_Exercise material_:
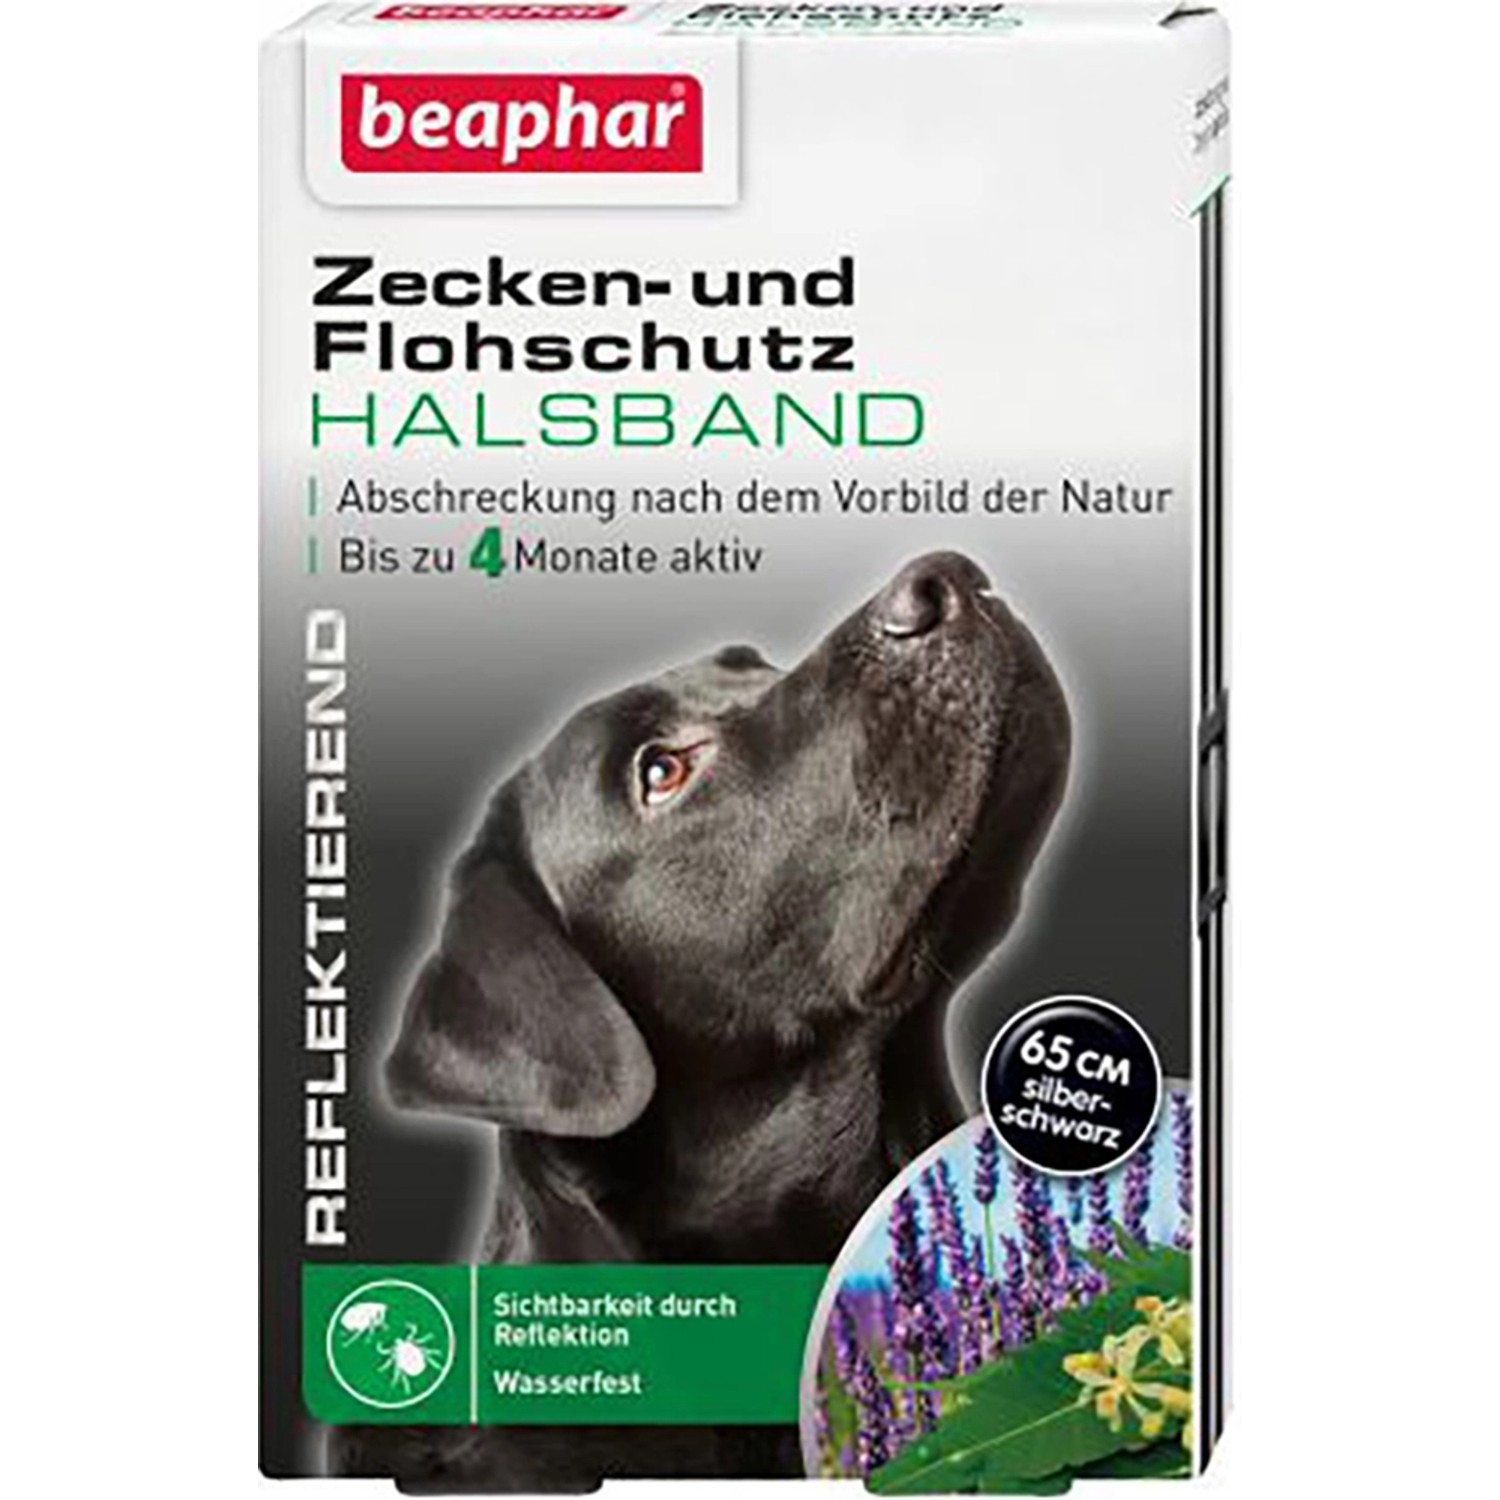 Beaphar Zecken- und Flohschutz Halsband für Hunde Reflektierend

---

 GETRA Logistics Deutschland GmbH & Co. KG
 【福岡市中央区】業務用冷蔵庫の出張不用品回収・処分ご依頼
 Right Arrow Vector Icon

==

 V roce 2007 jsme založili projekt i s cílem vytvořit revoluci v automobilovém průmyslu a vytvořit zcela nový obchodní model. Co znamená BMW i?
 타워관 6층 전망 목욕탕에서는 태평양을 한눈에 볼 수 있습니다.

_Required work_:
Return only the stretch of the material above from the line holding "GETRA Logistics Deutschland GmbH & Co. KG" through the line holding "Right Arrow Vector Icon", copied exactly.

_The completed task_:
 GETRA Logistics Deutschland GmbH & Co. KG
 【福岡市中央区】業務用冷蔵庫の出張不用品回収・処分ご依頼
 Right Arrow Vector Icon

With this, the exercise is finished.